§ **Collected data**
——————
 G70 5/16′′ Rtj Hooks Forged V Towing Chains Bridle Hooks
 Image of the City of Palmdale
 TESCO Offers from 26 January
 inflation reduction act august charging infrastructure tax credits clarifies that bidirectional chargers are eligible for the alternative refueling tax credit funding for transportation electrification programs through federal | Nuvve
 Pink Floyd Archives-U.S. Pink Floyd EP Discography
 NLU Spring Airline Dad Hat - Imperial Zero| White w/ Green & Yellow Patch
——————
§ **What the task requires**
Please return, exactly as written, the line containing "inflation reduction act" and every line after it through the end of the records above, and nothing else.

§ **Response for this exercise**
 inflation reduction act august charging infrastructure tax credits clarifies that bidirectional chargers are eligible for the alternative refueling tax credit funding for transportation electrification programs through federal | Nuvve
 Pink Floyd Archives-U.S. Pink Floyd EP Discography
 NLU Spring Airline Dad Hat - Imperial Zero| White w/ Green & Yellow Patch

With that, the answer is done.